The workers in the industrial and economic system raised in the history are adjacent to machinery gears. Their conception as subjects is overshadowed by the circumstances that surround them. They seek to obtain what is necessary to live by means of their work, while the capitalist wishes to accumulate and increase his wealth, partly thanks to the surplus originated by the application of labor power. In such a way that the workers become fetishes. Marx speaks of this phenomenon in his work “Capital” where he explains how the world of produces is opposed to human in mercantilist societies. When a certain product is spoken in the West, it is customary to assign certain qualities, as if it had a personality, and rarely is discussed or thought of its manufacturing. It seems that the relationship between labor and the product is nonexistent. In the end, manpower sells itself as another tool and objects acquire social properties, that is, things acquire a subjective state and subjects assume themselves as commodity-things.

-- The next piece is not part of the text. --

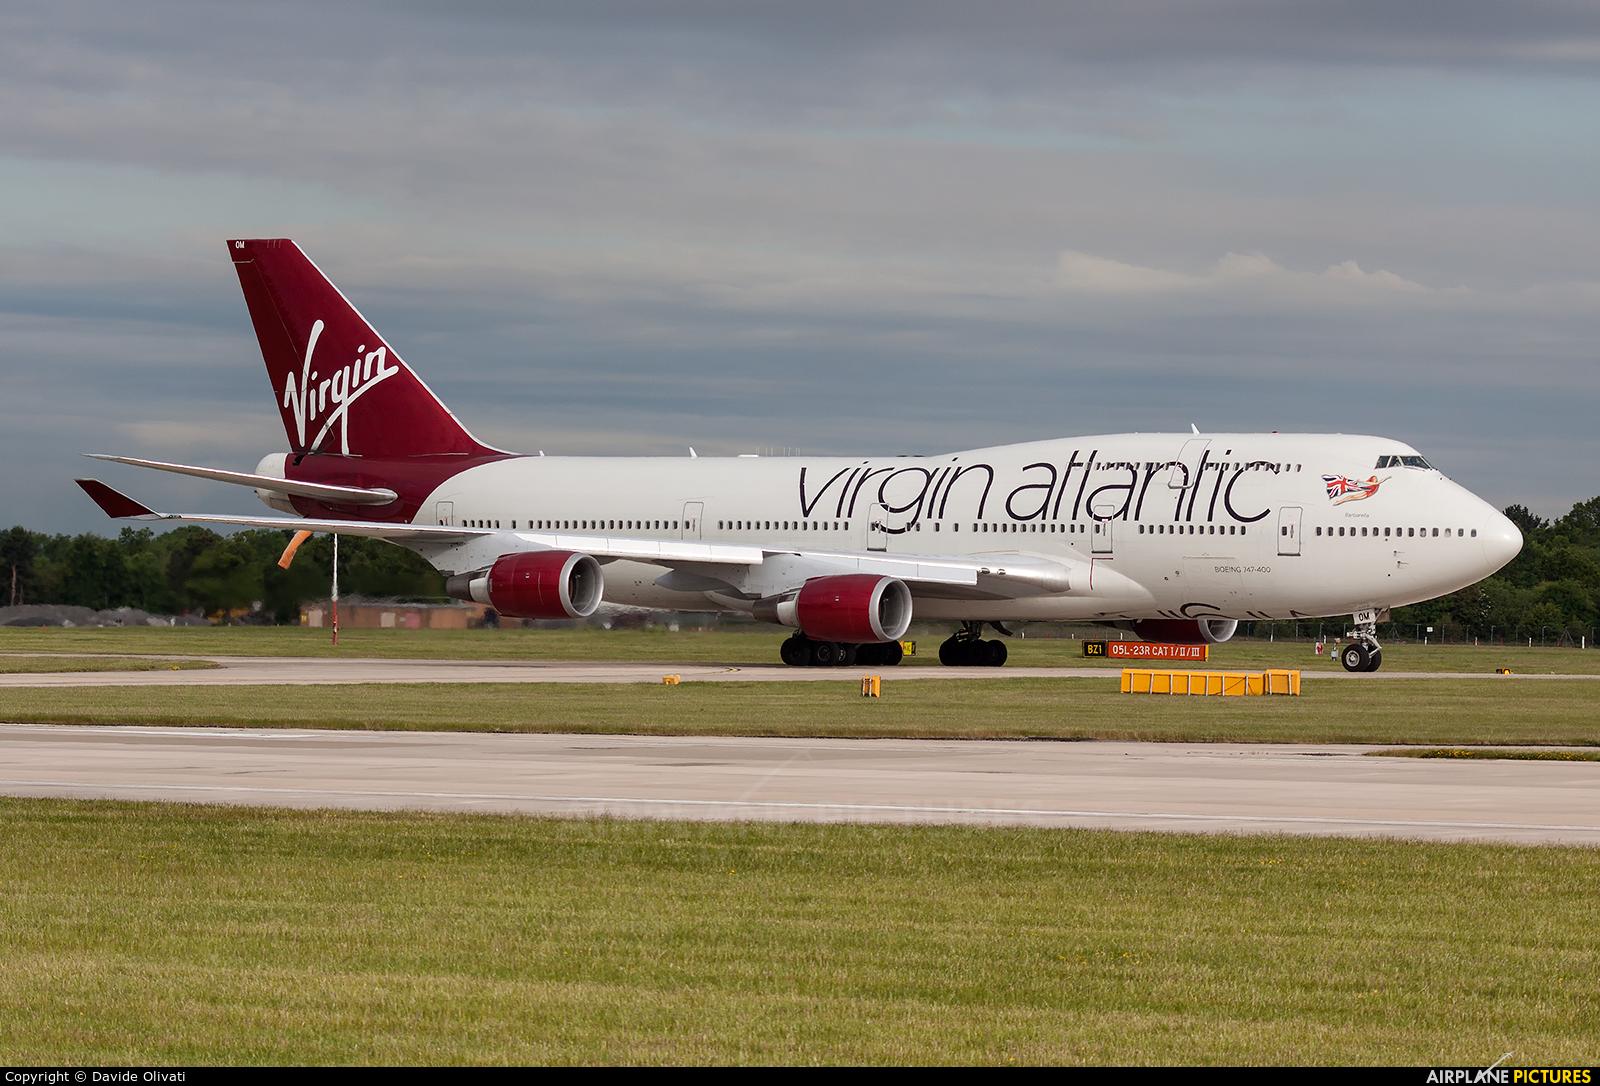 Virgin Atlantic G-VROM aircraft at Manchester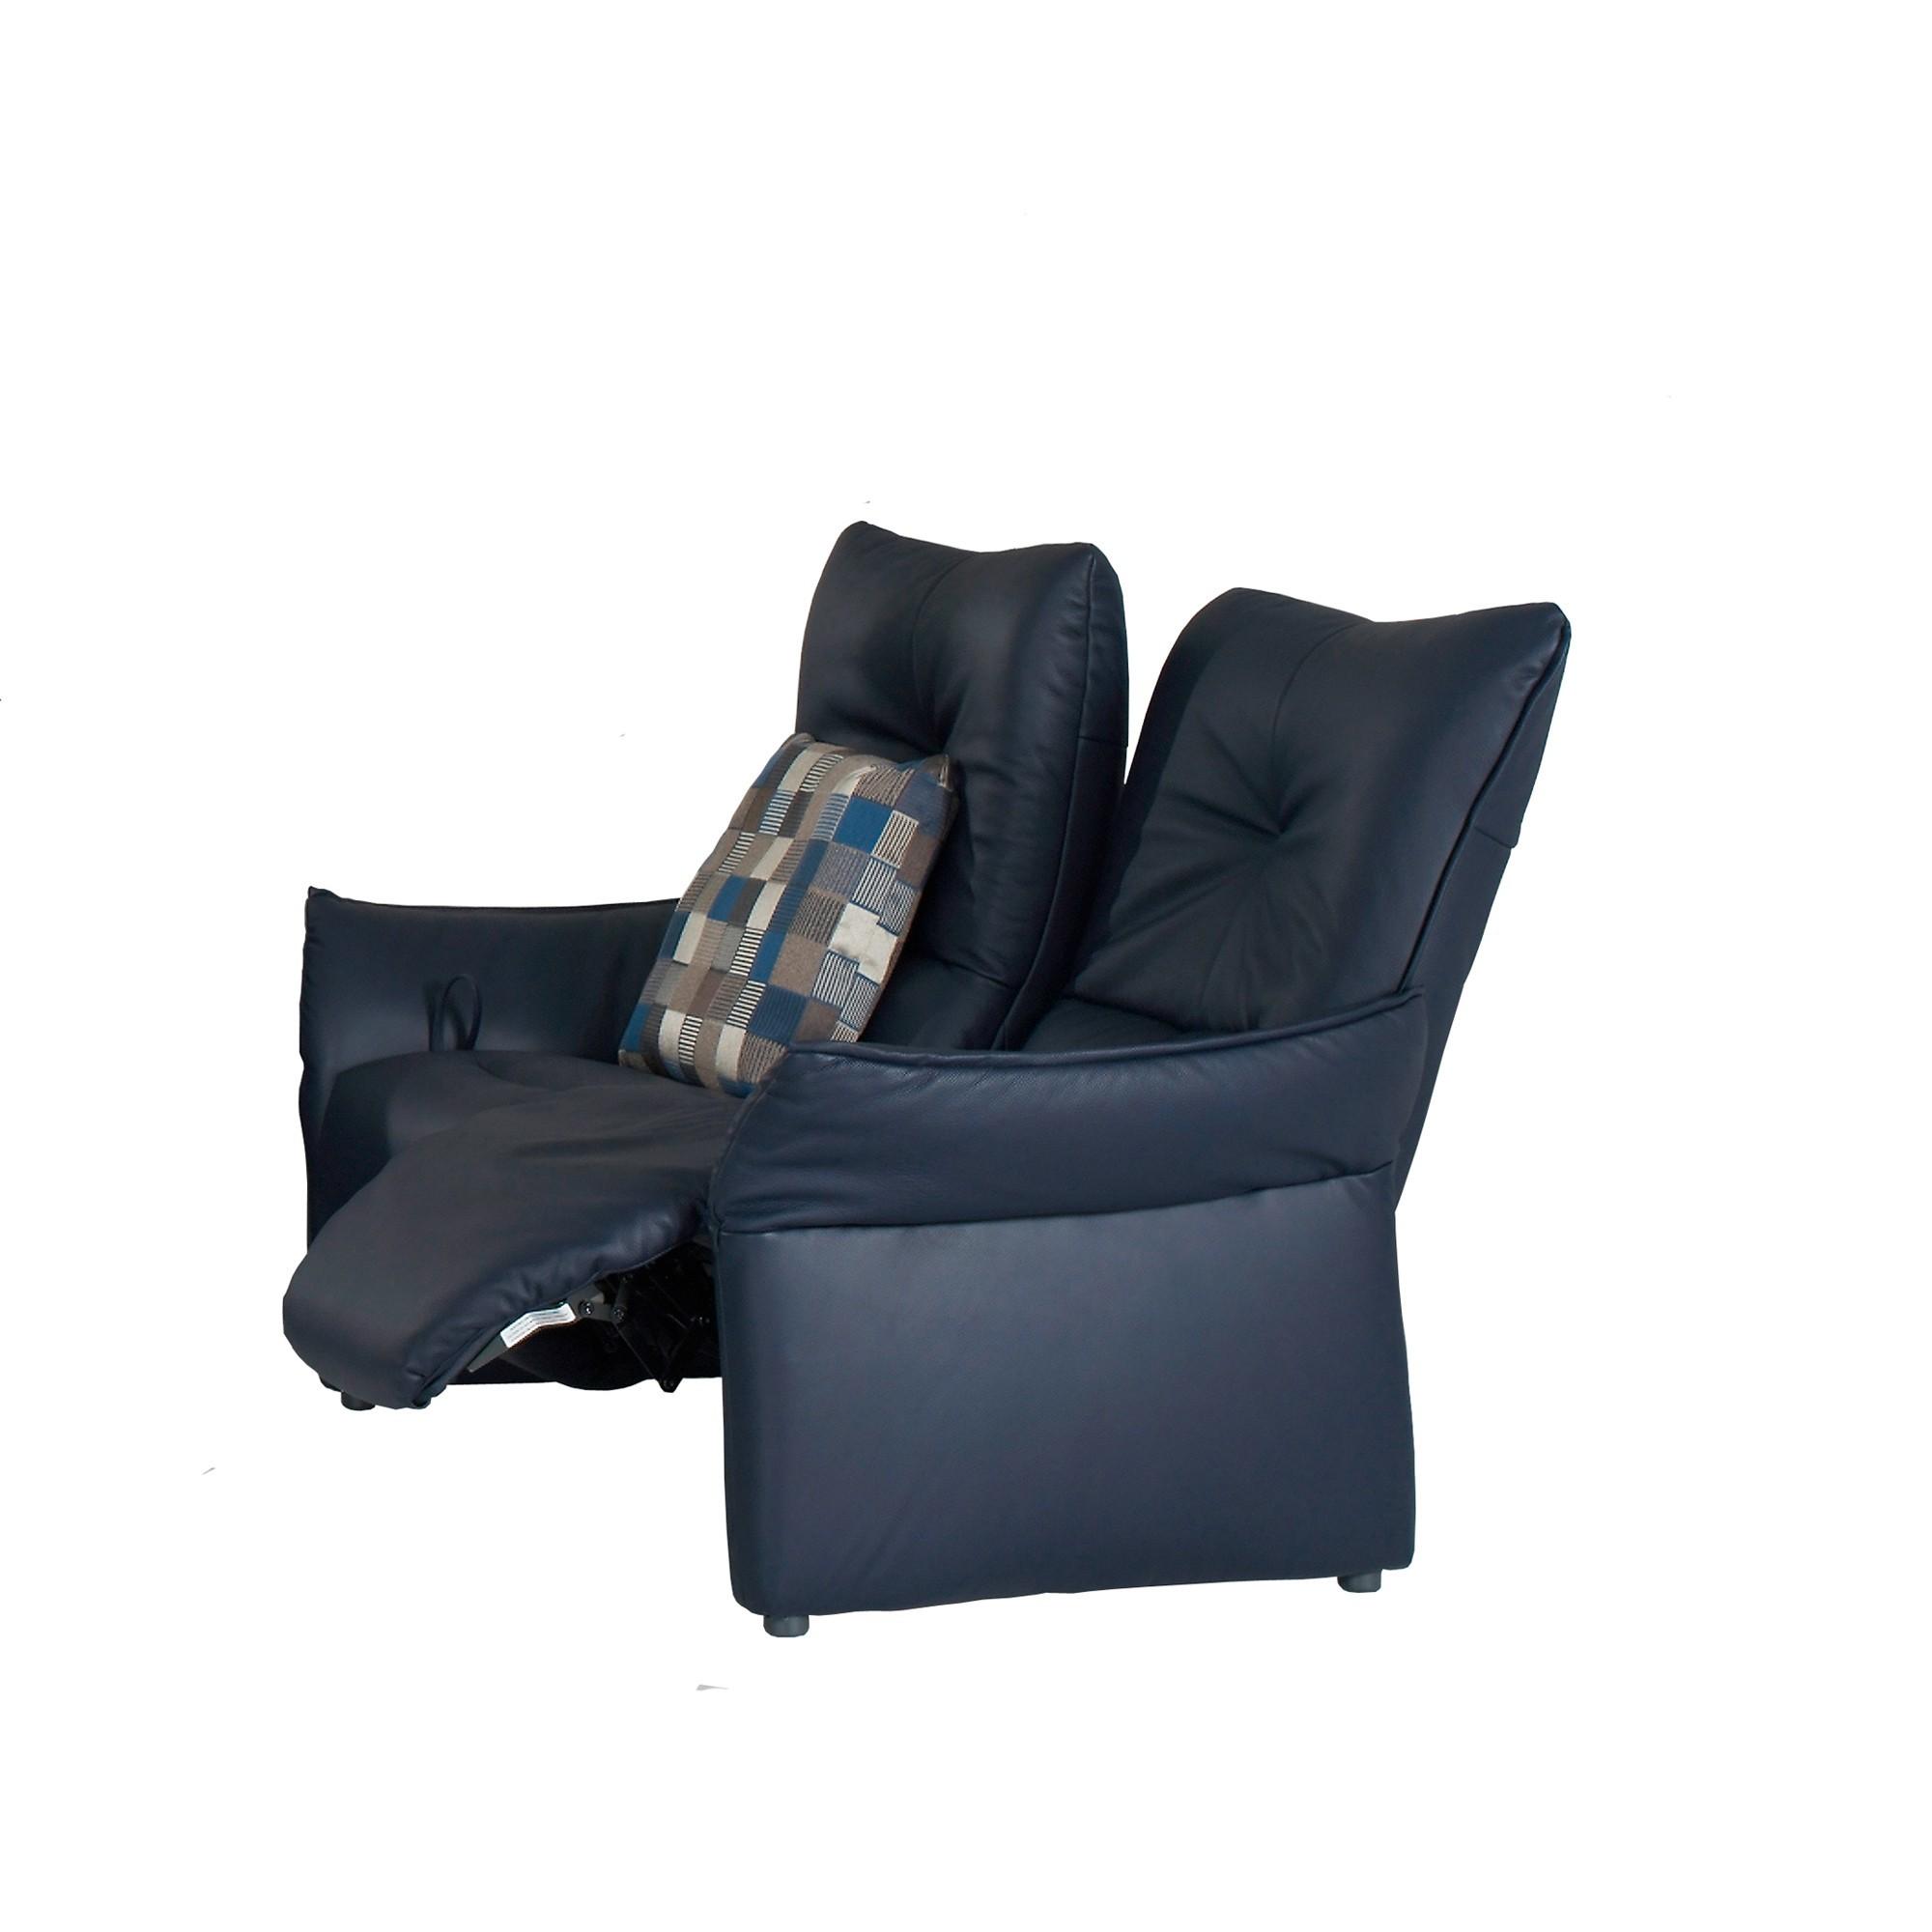 Himolla Brent 2 Seater Power Recliner Sofa Himolla

It is probably convenient to talk about merchandise, products or selling oneself to an organization, because that is how the truth is disguised and the relations of power and exploitation become mere ghosts. In the film there is an obvious metaphor related to this because the main character is inside the machine, consolidating the gear that makes the whole system work. In such a way that human relationships seem to be veiled by relations with objects.

We can also a see clear projection of the Taylorism and Fordism approaches in their maximum expression through the absolute elimination of unproductive times and chain production. In the factory there are the chronometers that determine the precise duration of each task and the delimitation of the work in mass production processes is appreciated. All this leads to the alienation of employees in the work process, as the profits of the product are not shared with the employees.